2. Simulation details

Shown schematically in Fig. 1 are two types of bridging defects and two types of line extensions which in general are harder to detect. These layouts are based upon public information about recent manufacturing processes [25] of the fins for 3-D field effect transistors (finFETs) and also upon an intentional defect array defined by SEMATECH [26]. The latter provides the naming convention for the defectuous wafers, see panels (b) to (e) in Fig. 1.

 figure: Fig. 1.

Fig. 1. Schematic representation of a) ideal layout, b) Bx and c) By bridging defects, d) Cx and e) Cy line extension defects, and f) and g) key dimensions of the unit cell. The lighter color is simulated as crystalline silicon and the blue as amorphous silicon. For clarity two 2 nm thick conformal layers that coat the amorphous silicon are not shown. Geometry and materials details are available at [27].

Download Full Size | PDF

The simulations were performed using a well-verified [2830] in-house implementation of the finite-difference time-domain [31] (FDTD) method to model the electromagnetic field scattered from the patterned layout and its defects. The incident angle of the illumination is chosen to be normal to the substrate for clarity; prior simulation results indicate that the defect detection often varies when using oblique illumination [29,32]. The linear polarization basis within the simulation is defined with respect to the long axis of the nominal pattern. (Note, the $x$ and $y$ directions do not correspond to the defect naming convention.) The scattered and reflected fields are converted to images through an idealized modeling of the Fourier optics assuming a collection numerical aperture of $0.95$ for simplicity. To account for the measurement noise, Poisson (shot) noise [33] is applied to the raw images. Throughout the remainder of this paper the pixel size at the sample is assumed to be $10~\mathrm {nm}\times 10~\mathrm {nm}$. This number has been proven to be a good compromise between the changes in the noise model due to an increased photon count for larger pixels and aliasing effects.

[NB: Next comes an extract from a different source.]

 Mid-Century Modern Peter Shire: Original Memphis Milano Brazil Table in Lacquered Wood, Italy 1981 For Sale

We have previously utilized intensity and area thresholding to extract a signal-to-noise ratio (SNR) from differential images. In [30,34,35] the SNR was strongest for bridging defects when applying a wavelength of $\lambda =47~\mathrm {nm}$ for the simulated structures, while the SNR varied notably across the remaining wavelengths. While SNR is straightforward and convenient it does require an informed choice of these intensity and area thresholds to exclude the shot noise, and for sufficiently low photon densities a SNR may not be reportable.

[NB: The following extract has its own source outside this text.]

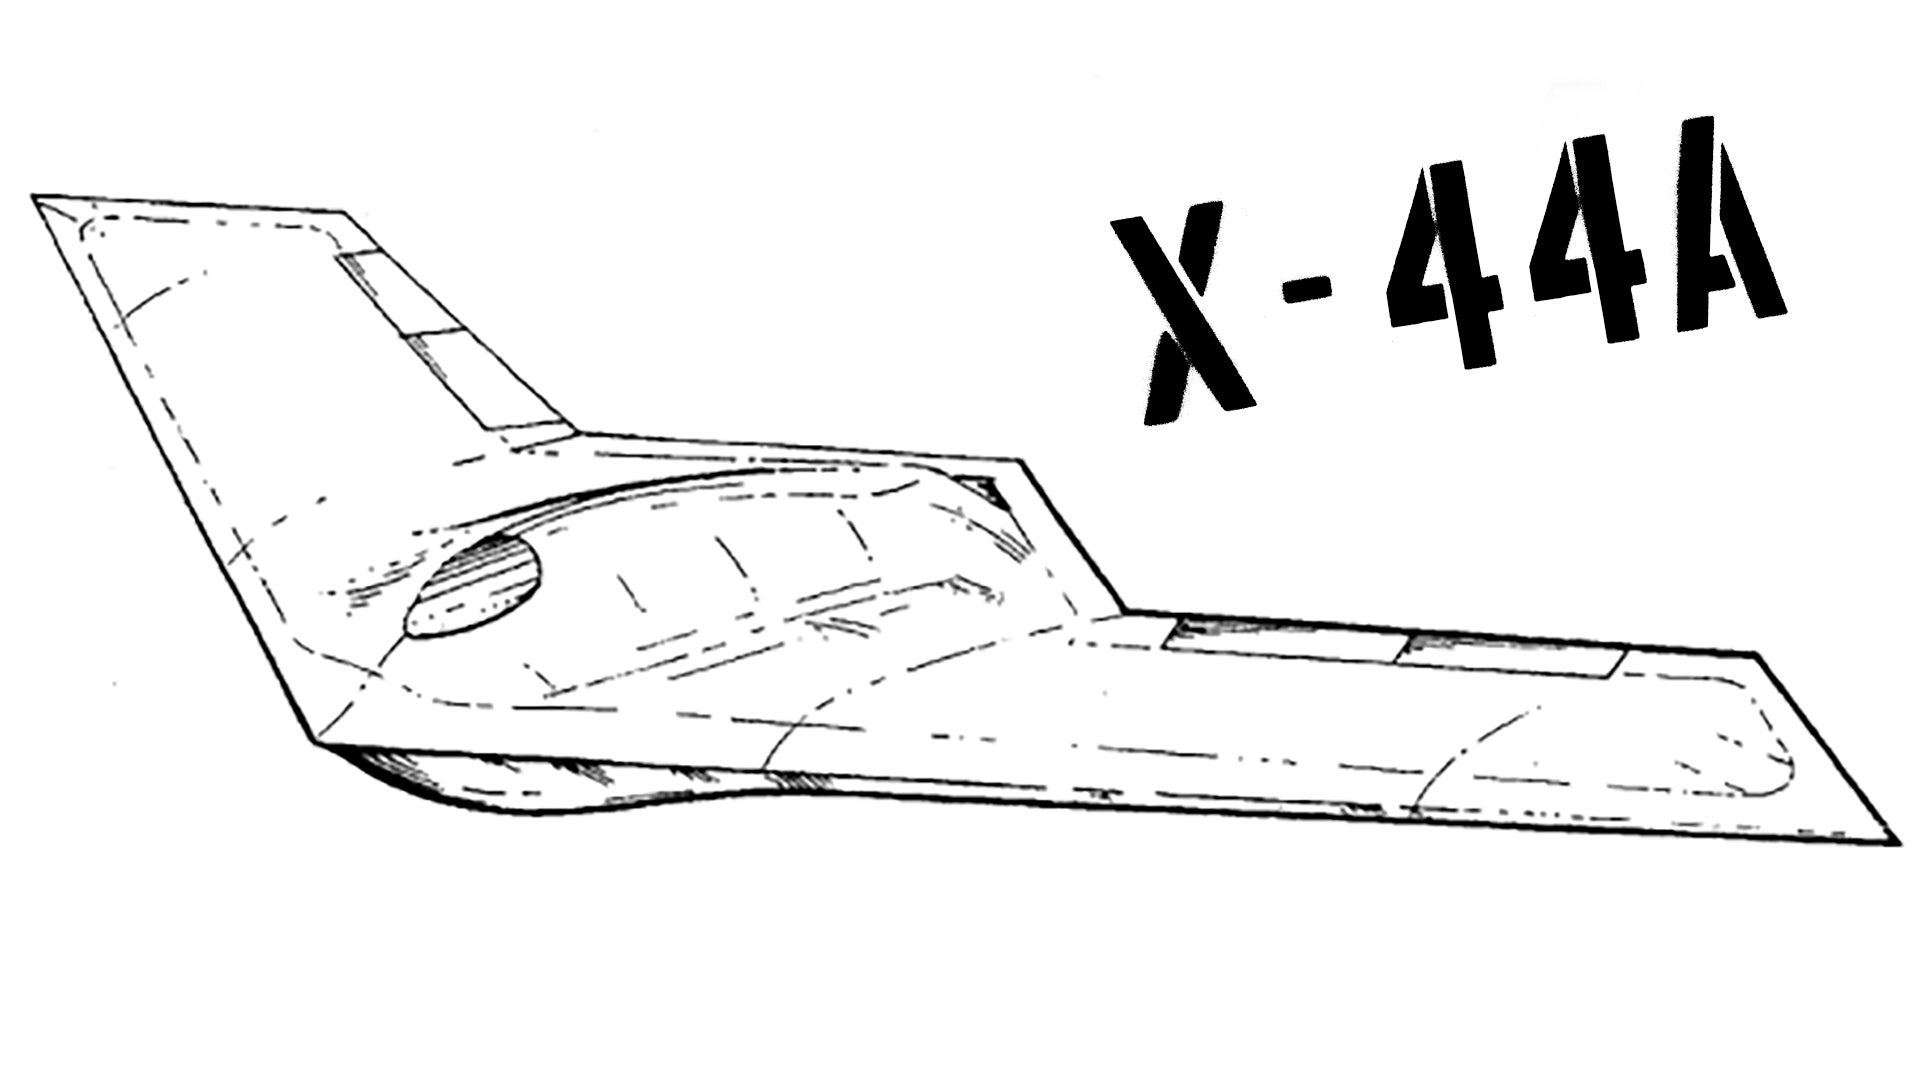 Exclusive: Lockheed Skunk Works’ X-44A Flying-Wing Drone Revealed

In this work three wavelengths are employed, $193~\mathrm {nm}$ as a common inspection wavelength, $47~\mathrm {nm}$ that performed best for the SNR metric, and $13~\mathrm {nm}$ which was proven to be a challenging wavelength in our prior reports. The photon densities that are applied here are based on current estimates for the intensity of the three wavelengths used in this study, see Refs. [36,37], and can be found in Tab. 1 below.

Tables Icon

Table 1. Benchmark photon densities $\rho_\mathrm{ph}$ from the literature [36,37] for the wavelengths used in this study.

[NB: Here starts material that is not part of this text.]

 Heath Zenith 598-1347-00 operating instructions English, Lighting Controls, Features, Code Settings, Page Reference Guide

In addition to measurement noise, “wafer noise” due to process variations is included [3842]. Line edge roughness (LER) is known to be present in every lithographically manufactured device, either reducing the signal or increasing the noise [43]. The geometries in these simulations include LER [44,45] that is based on the current state-of-the-art with $3\cdot \sigma _{\mathsf {LER}}=0.6~\mathrm {nm}$, i.e. 10 % of the line width and a correlation length of $\xi =10~\mathrm {nm}$ [46]. Both types of noise are applied separately to defect and no-defect images that are used to form the absolute value differential images (AVDI). These AVDIs form the basis of the investigations, and are realized by subtracting these two images and taking the absolute value of the resulting pixel values, see Fig. 2 for examples. Here, the intensities in the defect and no-defect images are given relative to the intensity of the incident light, the AVDIs are converted to 8-bit integers and normed to their respective maximum values for use in the machine learning algorithms. This subtraction almost completely removes the background at a cost of combining two realizations of shot noise.

 figure: Fig. 2.

Fig. 2. Example images with Poisson noise generated using photon densities from Tab. 1, (left) no defect, (center) defect, (right) AVDI. (top row) Bx defect, Y polarization, $\lambda =13~\mathrm {nm}$, (middle row) Cx defect, Y polarization, $\lambda =47~\mathrm {nm}$, (bottom row) By defect, X polarization, $\lambda =193~\mathrm {nm}$. While the longer wavelengths are able to identify the defect, it is almost indistinguishable from noise at $\lambda =13~\mathrm {nm}$.

Download Full Size | PDF

Separating the shot noise from the noise due to LER for experimental data is a very challenging task for optical tools, more easily achieved in scatterometry-based critical dimension metrology [47,48] than for imaging defect inspection tools. For this simulation study, by definition we have perfect knowledge of the distribution of the shot noise and removing this would lead to unrealistically good results. Noise filtering in this work is therefore limited only to wavelet-based compression techniques.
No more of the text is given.